Но вы и на этот раз ошибаетесь, если считаете, что ваш ответ может удовлетворить его и что он позволит вам продолжать беседу со своей молодой матерью или старшей сестрой. Нет, нет, «оно» (средний род) не позволит вам вымолвить ни слова; забравшись к вам на колени, «оно» устроится поудобнее, акробатическим движением задерет ногу под самый ваш нос и потребует, чтобы вы говорили только о его ботинках и ни о чем другом, кроме как о его ботинках.

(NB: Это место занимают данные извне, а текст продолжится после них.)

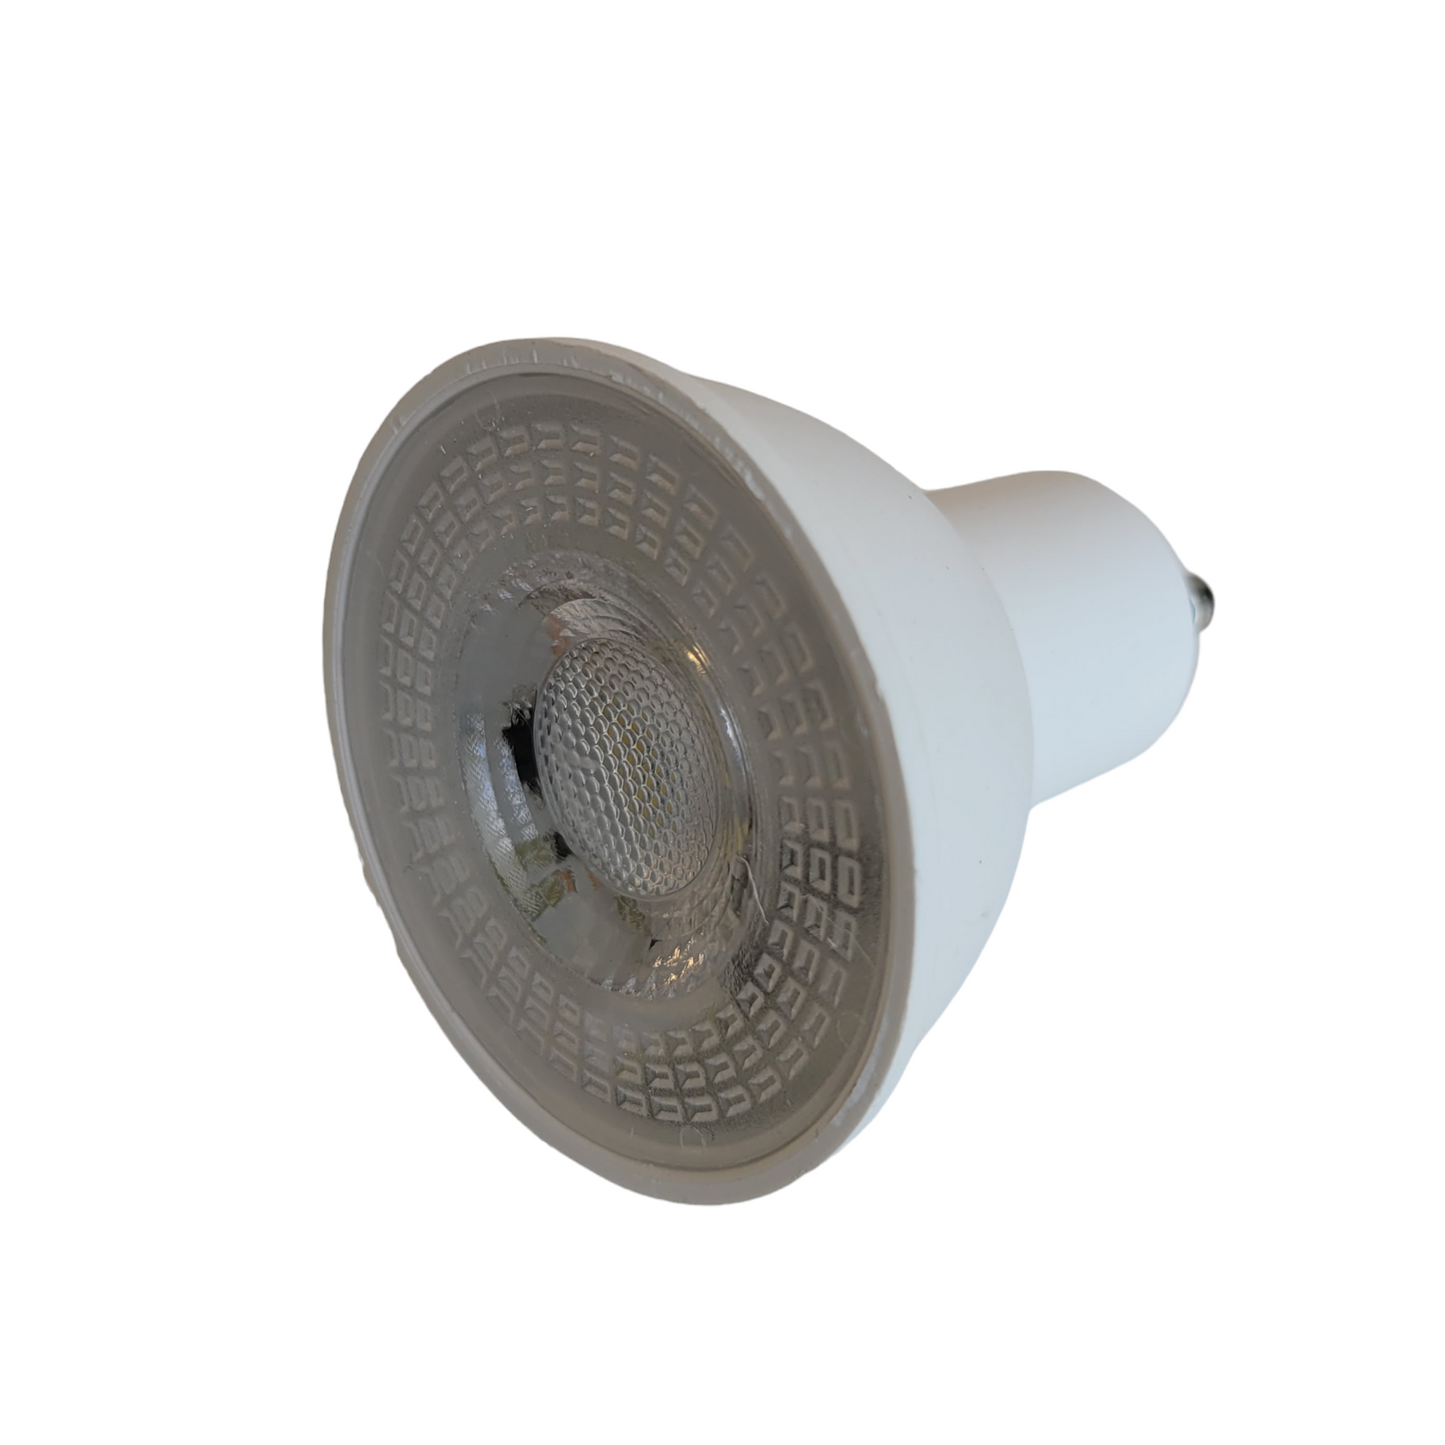 Pack of 5 - ProVision GU10 LED Spotlight Bulbs 5W - Bright / Warm White

Но разве то же самое тщеславие, только без детского простосердечия и искренности, не проявляется у человека и позднее, разве оно не сопутствует ему всю жизнь? Барышня Ольга в день рождения получила в подарок бриллиантовые серьги и немедленно вдела их в розовые мочки ушей. Вы приходите, чтобы поздравить ее с днем рождения. В разговоре с вами она поворачивается к вам то одной, то другой стороной своего профиля: не заметите ли вы серьги и не выразите ли своего восхищения ее красотой. И если вы настолько невнимательны, что ничего не заметите, она сама постарается завести такой разговор, который заставит вас быть более внимательным к ее туалету. Разумеется, она не может поднять ногу вверх и сказать вам: «А у меня новые ботинки», — но она, скажем, может заговорить с вами о последней премьере, о глубине проблемы, которую поднимает пьеса, о блестящей игре ведущей актрисы, и как только ей удастся вовлечь вас в такой разговор, она сразу перейдет к туалетам знаменитой актрисы, и вы увидите, как умно, лукаво, издалека проложит она дорогу, ведущую вас прямо к ее серьгам.

— И все же, — скажет она вам, — есть что-то такое, что не совсем гармонирует с тем, как актриса трактует образ. Я не сумела бы сказать, что именно, не смогла бы сразу найти, в чем несоответствие, но я чувствую эту дисгармонию. Может быть, дело в ее туалете. Актрисы очень часто надевают платье того цвета, который им к лицу, но всегда ли этот цвет отвечает тому психологическому состоянию, которое актриса должна передать? Представьте себе веселую распутницу в черном или разочарованную, больную, искалеченную жизнью женщину в каком-нибудь воздушном платьице. Может быть, в этом и заключается несоответствие?

— Да, разумеется, — отвечаете вы как можно любезнее, не подозревая, что вы уже сунули нос в мышеловку и начали лизать смертоносную приманку.

— А, кроме того, прическа; вы не находите, что во втором действии у нее была очень аккуратная, зализанная, слишком домашняя прическа. Разве не нужно было бы немножко больше свободы и беспорядка, несколько выбившихся локонов, между которыми, скажем, поблескивали бы бриллиантовые серьги в ушах? Разве это не сделало бы голову привлекательнее?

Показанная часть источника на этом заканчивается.